Proceedings, 15th International Meshing Roundtable, Springer-Verlag, pp.215-238, September 17-20 2006

IMR
PROCEEDINGS

15th International Meshing Roundtable
Birmingham, Alabama, U.S.A.
September 17-20, 2006

School of Computer Science
University of Waterloo, Waterloo,
Ontario, Canada, N2L 3G1
rbsimpson@uwaterloo.ca

Abstract
Given a data function, f(x, y), defined for (x, y) in a domain,D and an error measure for approximating f on D, we can call a piecewise linear function, fpl(x, y), acceptable if its error measure is less than or equal to a given error tolerance. Adaptive Delaunay Refinement (ADR) is one approach to generating a mesh for D that can be used to create an acceptable fpl(x, y). A measure of the efficiency of methods for generating a mesh, M, for piecewise approximation is the size of M. In this paper, we present empirical evidence that ADR generated meshes can be twice a large as necessary for producing acceptable interpolants for harmonic functions.

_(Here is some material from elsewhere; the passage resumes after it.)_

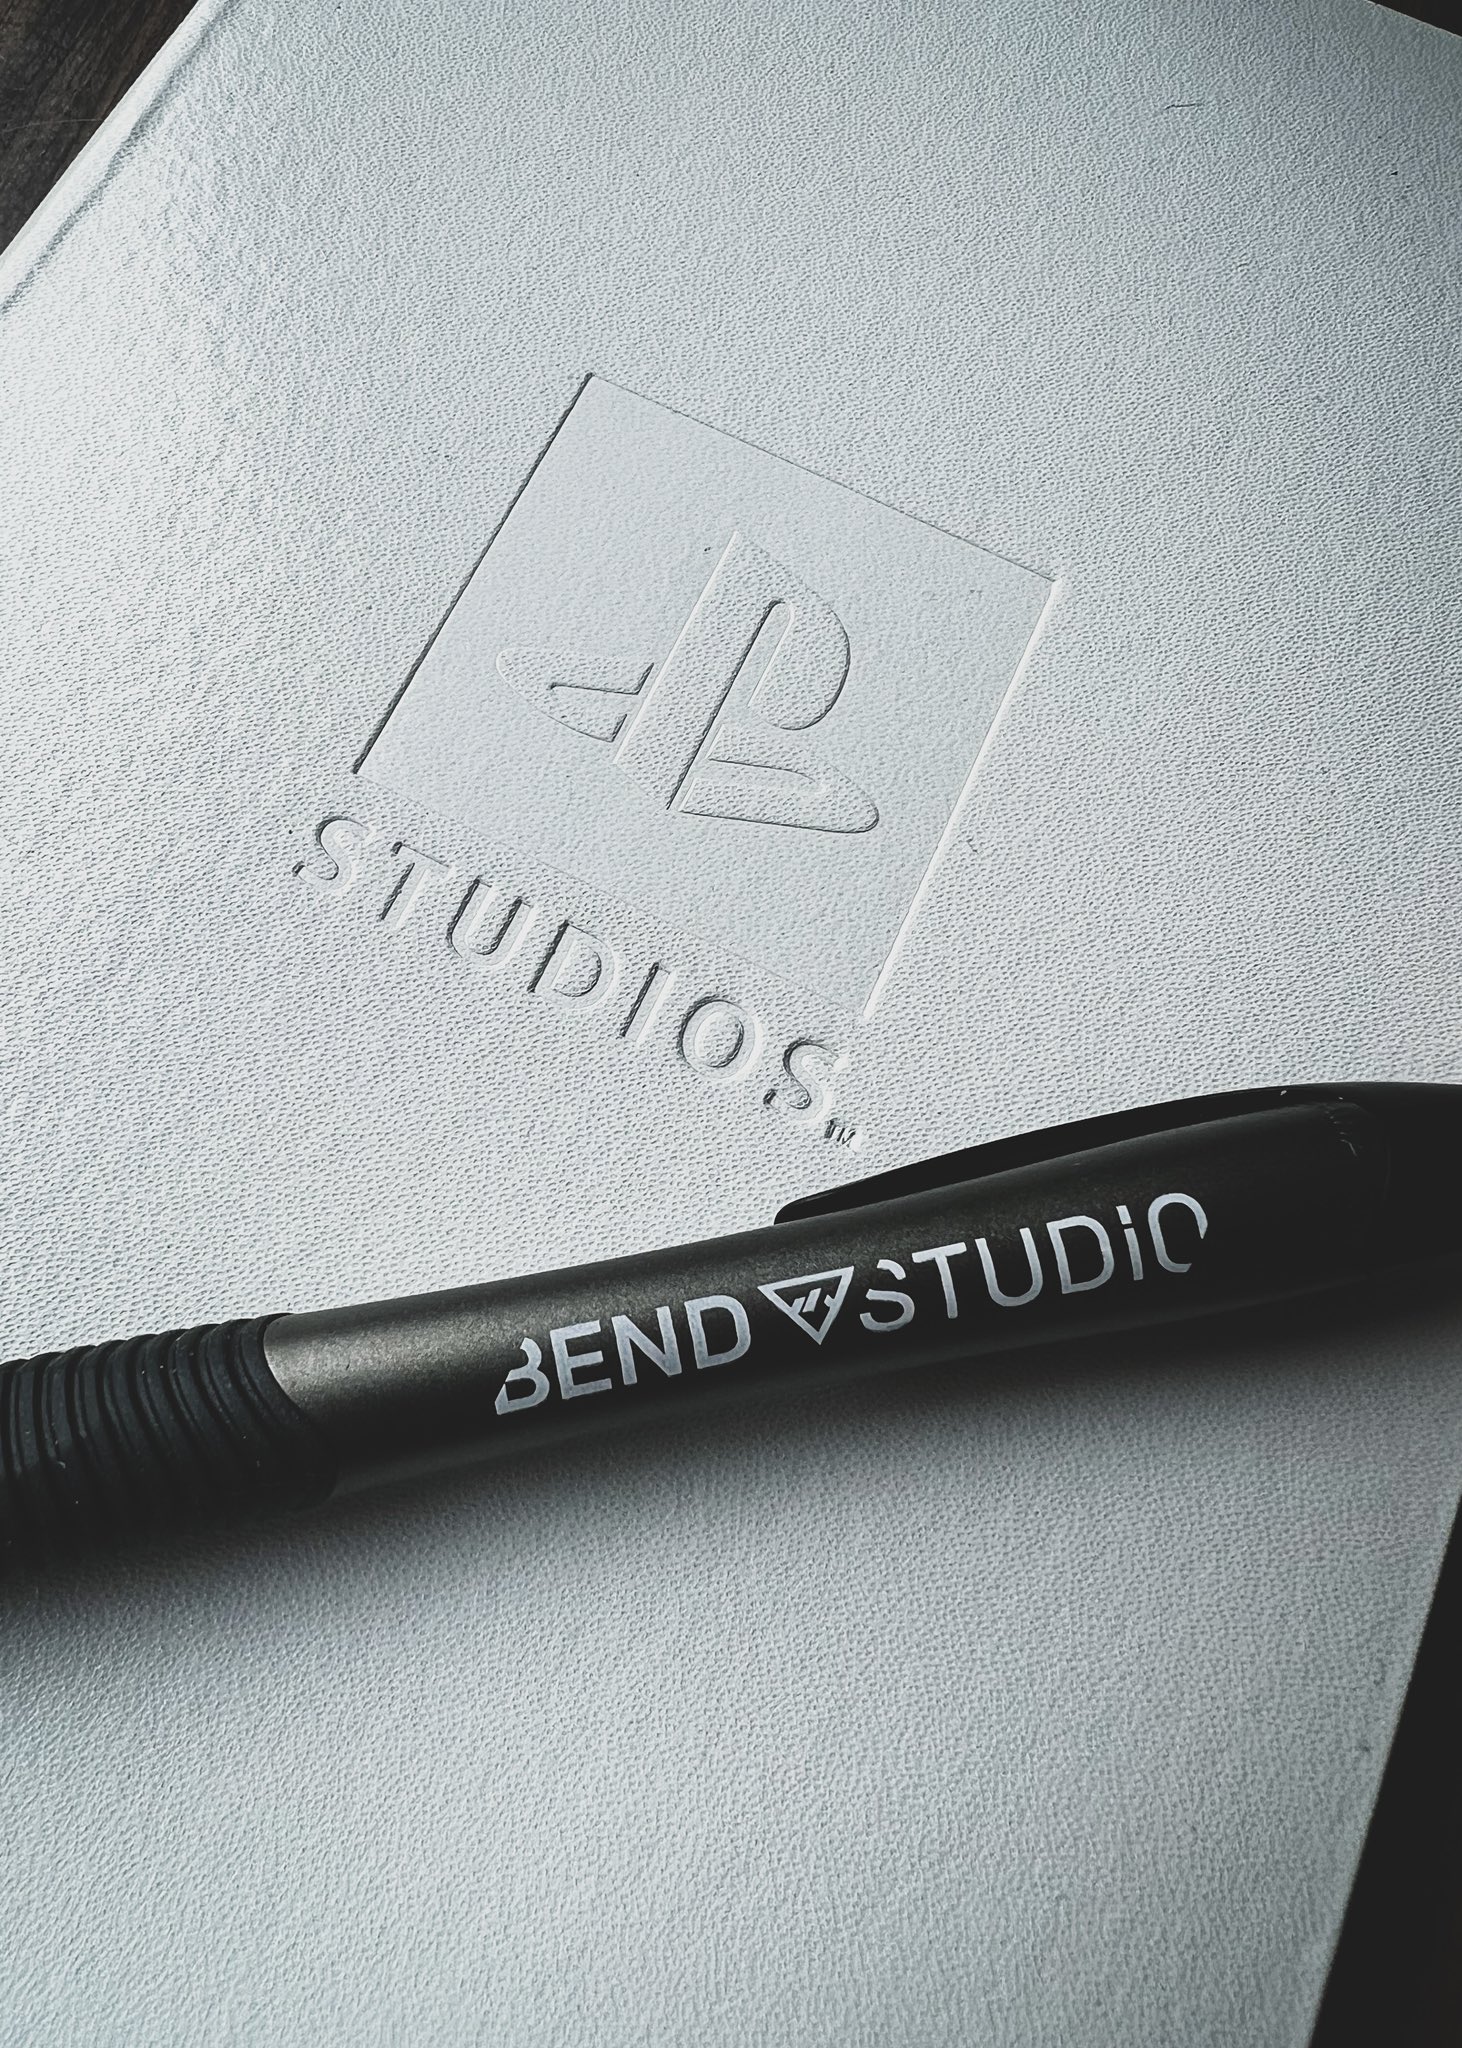 Bend Studio #DaysGone on Twitter  Anatomia do rosto, Jogos ps4, Imagem de  jogos

The error measure used in this study is the maximum of the triangle average L2 errors in M. This observation is based on demonstrating a comparison mesh generating using maximal efficiency mesh theory as reviewed in the paper. There are two different approaches to point placement commonly used in ADR, edge based refinement and circumcenter based refinement. Our study indicates that there is no significant difference in the efficiency of the meshes generated by these two approaches.